As for the third piece of the novel -- have I mentioned the 4-foot-tall female lizard? Well, no; I've been saving Catareen, because I didn't want to scare anyone off. If the first two stories of ''Specimen Days" are odes to form -- the first a Dreiseresque tale of street realism, the second a detective story -- the last, ''Like Beauty," tips its hat to literary sci-fi, or at least to the futuristic novel. It is sometime in the 22d century, Manhattan has been turned into a grungy theme park (imagine Sturbridge Village meets ''Tales From the Dark Side"), and the new underclass is a reptilian group from another planet who are called Nadians. Catareen is a queenly, mostly silent Nadian who's found work as a nanny; when she's upset or contemplative, she goes into Nadian mode -- her nostrils flare, she refuses to speak. She and Simon (who has undergone almost as extreme a character evolution) meet one day in what's left of postapocalyptic Central Park. Together, they find their way to Luke -- and to the usual fire-and-ice brigade of end-game novels, walking toward the beckoning stars and winds of Whitman's dark continent.

One of the many gifts of ''Specimen Days" is the detailed finery with which Cunningham pulls all this off. Because let's face it; the whole thing sounds more than a little ludicrous: Dickensian child meets modern cop meets lizard lady who's misplaced her spaceship. But the great cohesive elegance of ''Specimen Days" is its understated but confident authorial sensibility -- the mind that envisioned these parallel universes, and the observer's eye that captures the melodious reach of history. Lucas in the first novella finds life a bearable enterprise by embracing its pain and beauty both; Cat, in the second, struggles against the dreary, private truths of a class-bound police system, where ''death itself felt cheap and cheesy." And in Catareen's story, it is a testament to Cunningham's audacious facility that our emerald-skinned heroine is so multilayered and evocative -- that one is as moved by her breathy, singsong communication as by the earlier hymn of 19th-century Lucas spouting poetry.
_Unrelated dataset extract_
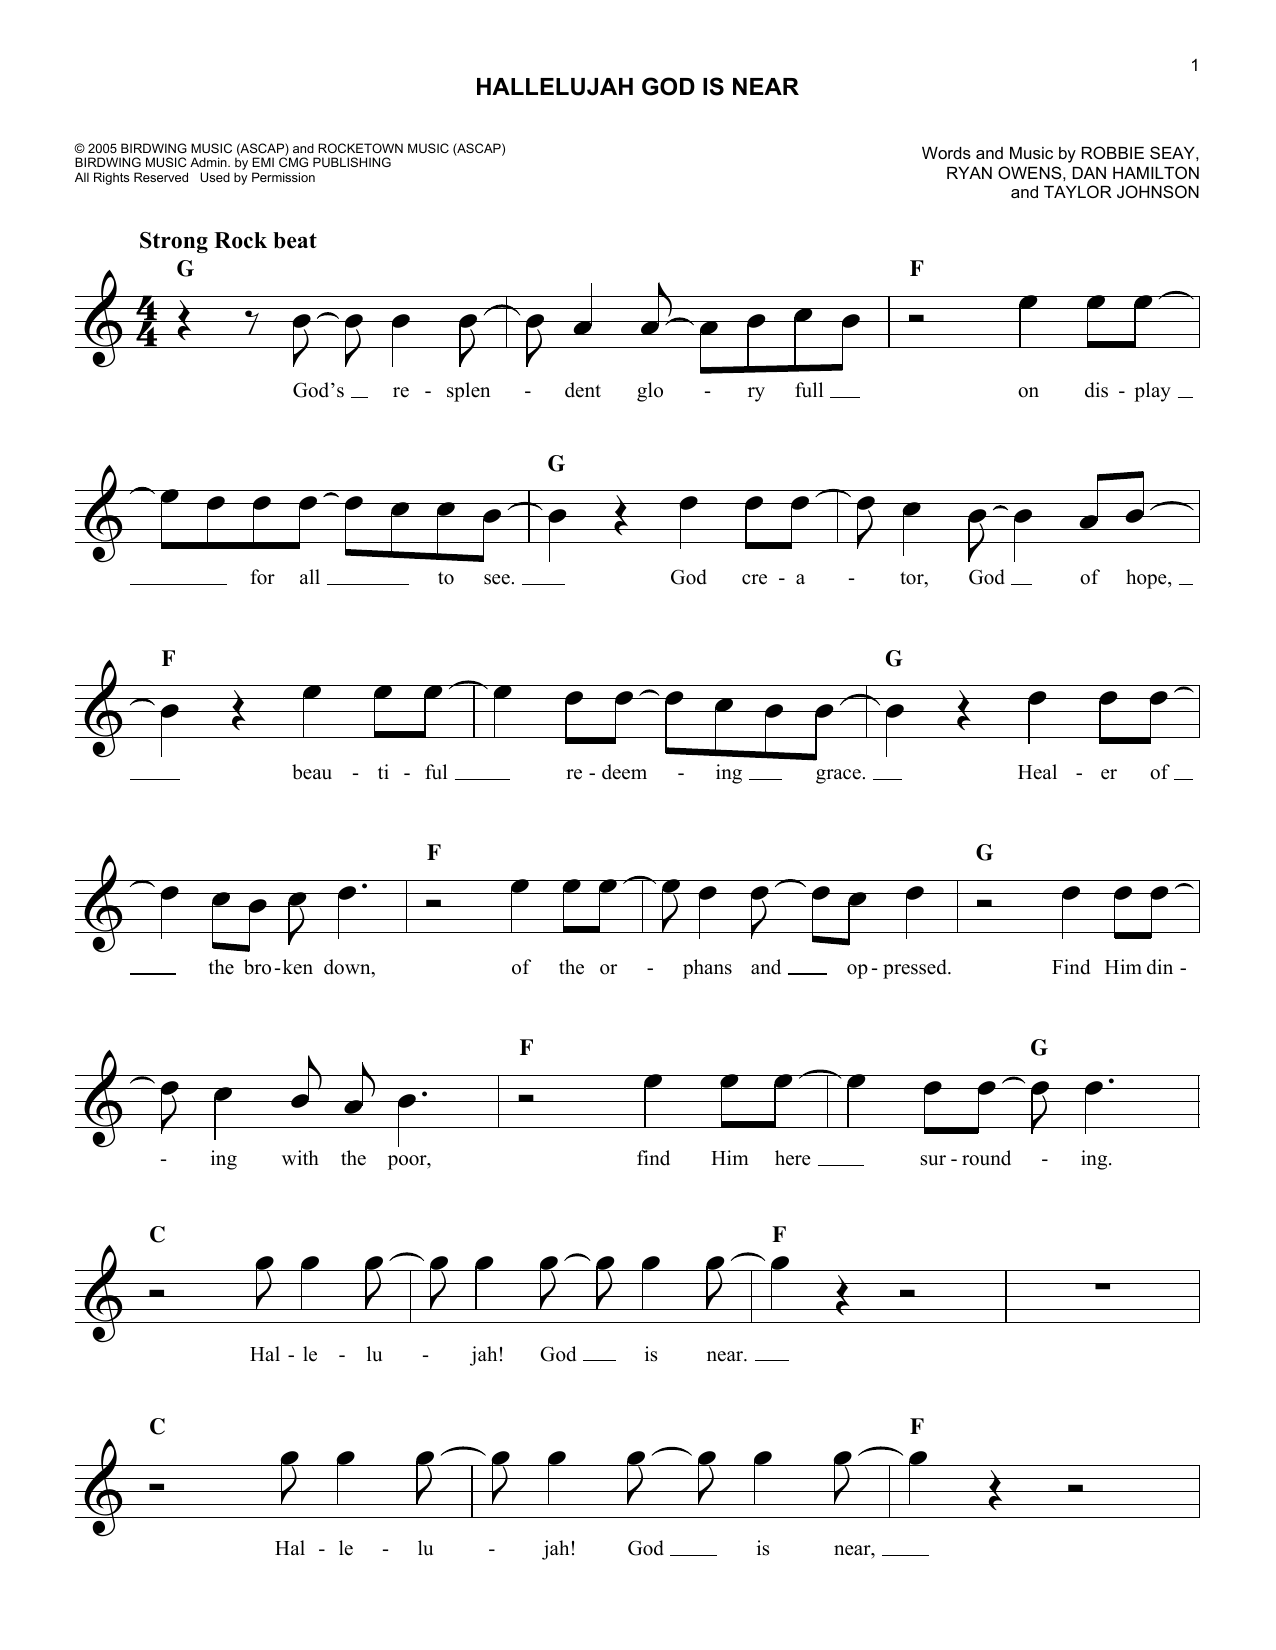 Hallelujah god is near chords by robbie seay band melody line hallelujah god is near sheet music hexwebz Images

Unsurprisingly, death and resurrection images abound in ''Specimen Days"; the subject is no doubt one reason Cunningham reached toward the fiery acceptance of Whitman, who dared to cast an eye upon decaying flesh and newborn roses with equal authority. So when a bowl reappears from one story to the next, it seems like grail and temptation both; when a character mildly misquotes Whitman -- ''And to die is different from any one supposed, and luckier" -- the incantation sounds murderous and blissful at once. Poetry is the great equalizer in these three stories, a task Whitman would have heralded and that Cunningham undertakes with barely suppressed narrative delight. ''I am large, I contain multitudes," Whitman sang, and Cunningham must have guessed there was room enough in that splendid ego for him to hitch his wagon to Whitman's firmament.

Readers who want ''Specimen Days" to be ''The Hours" all over again -- splendid and sad and moody as Virginia Woolf -- might be disappointed with this novel. It isn't seamless, and each story has a slightly fleeting feel, as though we are leaving one too soon to get to the next. But there's a quality of plain old pleasure here, too. If ''In the Machine" is as grippingly sorrowful as Little Nell, Catareen's story has an ''E.T." feel that's irresistibly affectionate. Credibly or not, even the crazy people in ''Specimen Days" are eloquent. And Whitman, above all, would have appreciated that.